High-intensity statin therapy confers improved outcomes in older patients with ACS
High-intensity therapy with simvastatin and ezetimibe contributed to a greater benefit compared with monotherapy with simvastatin in patients hospitalized for ACS, especially in those aged 75 years or older, according to a secondary analysis of the IMPROVE-IT trial published in JAMA Cardiology.
“In light of these observations, continuing to treat elderly patients after an ACS with moderate- rather than higher-intensity therapy to lower lipid levels will represent a missed opportunity to incrementally improve long-term outcomes for this high-risk population,” Richard G. Bach, MD, FACC, professor of medicine in the cardiovascular division at Washington University School of Medicine in St. Louis, and colleagues wrote.
As Cardiology Today previously reported, the addition of ezetimibe to simvastatin was associated with better clinical outcomes in high-risk patients with ACS compared with simvastatin alone.
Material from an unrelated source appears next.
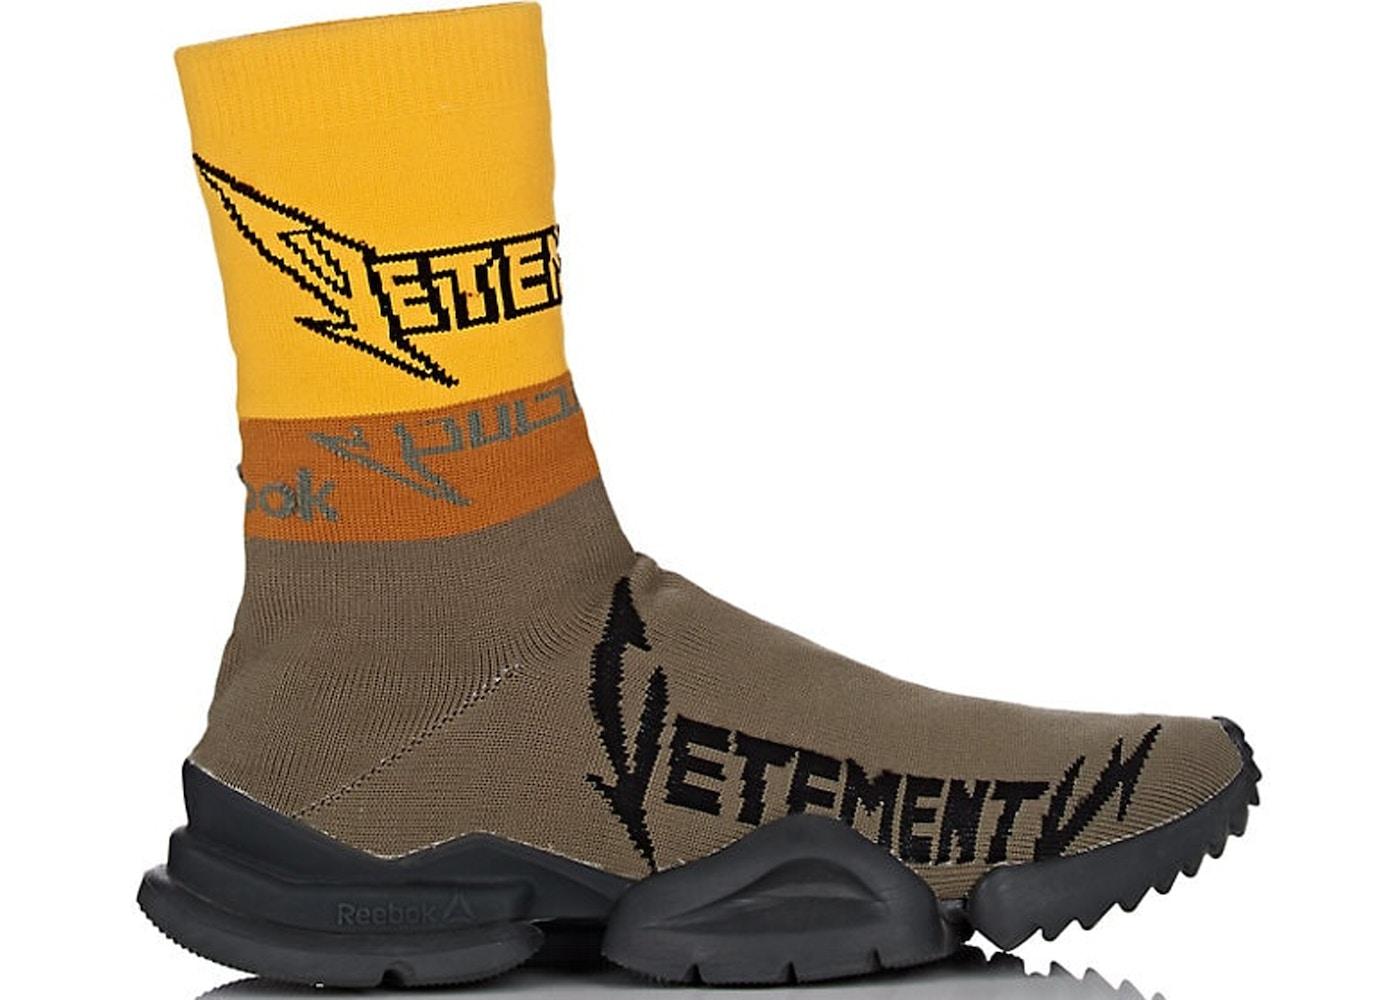 999308cd06e8 Reebok Sock Runner Vetements Olive Yellow Black - TBA

This secondary analysis included all 18,144 patients (mean age, 64 years; 76% men) that were enrolled in the trial who were hospitalized within 10 days for ACS, had an LDL of at least 50 mg/dL and a maximum of 125 mg/dL or 100 mg/dL depending on whether they were receiving prescription therapy. Patients were assigned 40 mg simvastatin with 10 mg ezetimibe once per day or 40 mg simvastatin once per day with placebo.
The primary efficacy endpoint was a composite of CVD death, nonfatal stroke or major adverse cardiac event, which was defined as unstable angina leading to hospitalization, nonfatal MI or coronary revascularization after 30 days.
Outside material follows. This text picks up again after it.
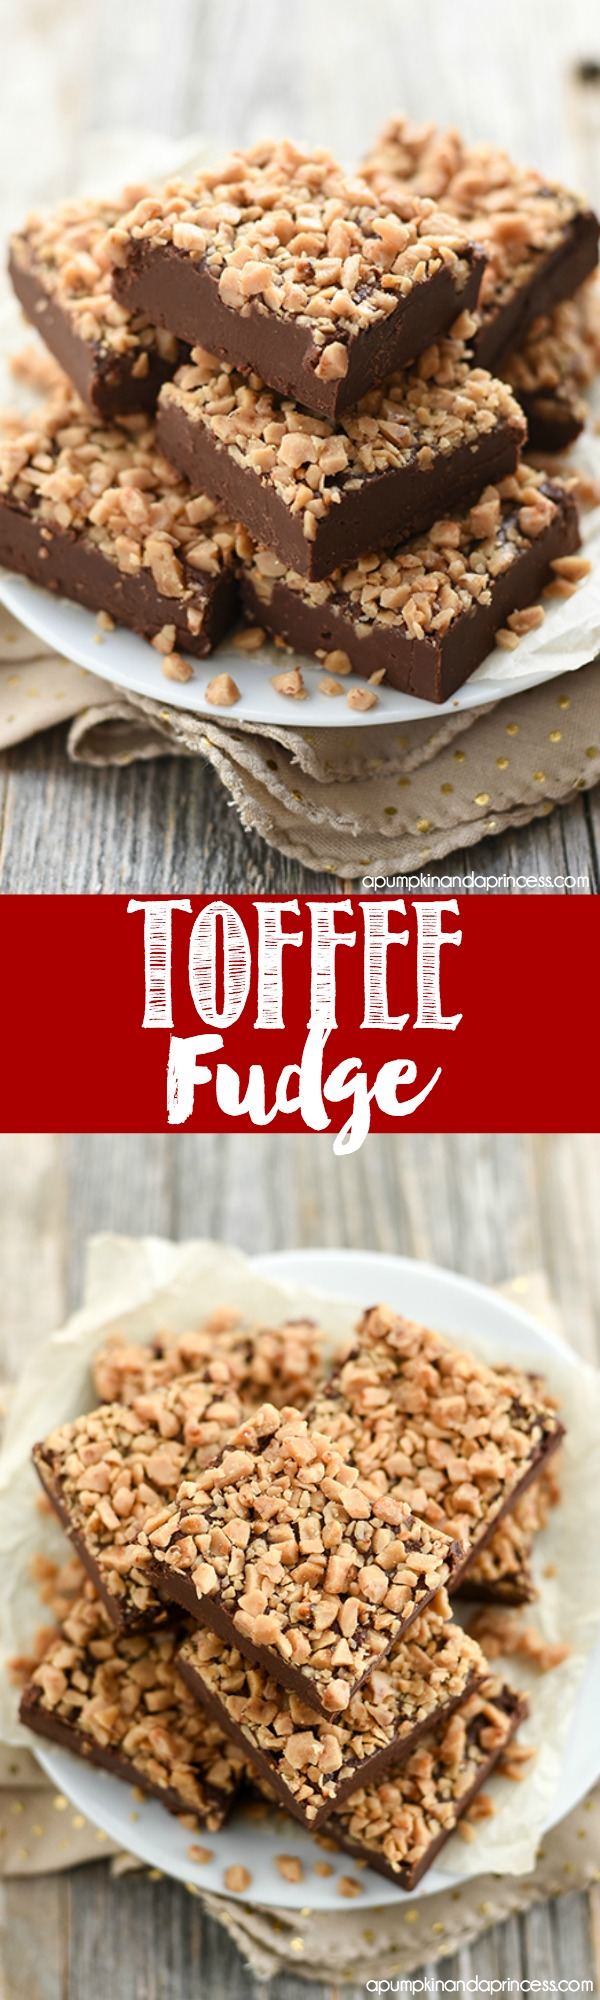 Easy Toffee Fudge Recipe

Of the patients in the trial, 28.5% were aged 65 to 74 years and 15.4% were aged at least 75 years at randomization.
Patients younger than 65 years assigned simvastatin and ezetimibe had lower rates of the primary endpoint compared with those assigned simvastatin and placebo (0.9%; HR = 0.97; 95% CI, 0.9-1.05). This was also seen in patients aged 65 to 74 years (0.8%; HR = 0.96; 95% CI, 0.87-1.06). The greatest absolute risk reduction was in patients aged at least 75 years (8.7%; HR = 0.8; 95% CI, 0.7-0.9; P for interaction = .02).
There was no increase in the rate of adverse events in younger or older patients when simvastatin and ezetimibe was compared with simvastatin and placebo.
“These results have implications for guideline recommendations regarding therapy to lower lipid levels in elderly individuals,” Bach and colleagues wrote.
Shared decision - making
“While the results reported by Bach et al are part of a post-hoc analysis, they provide valuable information for both the patient and the practitioner,” Antonio M. Gotto Jr., MD, DPhil, dean emeritus at Weill Cornell Medicine, wrote in a related editorial. “They strongly support the benefit of intensive therapy to reduce LDL-C levels in elderly individuals with atherosclerotic cardiovascular disease.” – by Darlene Dobkowski
Disclosures: The IMPROVE-IT trial was supported by Merck and Co. Bach reports he received grants from CSL Behring, Merck & Co. and Myokardia and personal fees from Armaron Bio, Novo Nordisk and Pharmacosmos. Gotto reports he received personal fees from Esperion Therapeutics, consults for Kowa Pharmaceuticals and serves on the data safety monitoring board for Akcea Pharmaceuticals. Please see the study for all other authors’ relevant financial disclosures.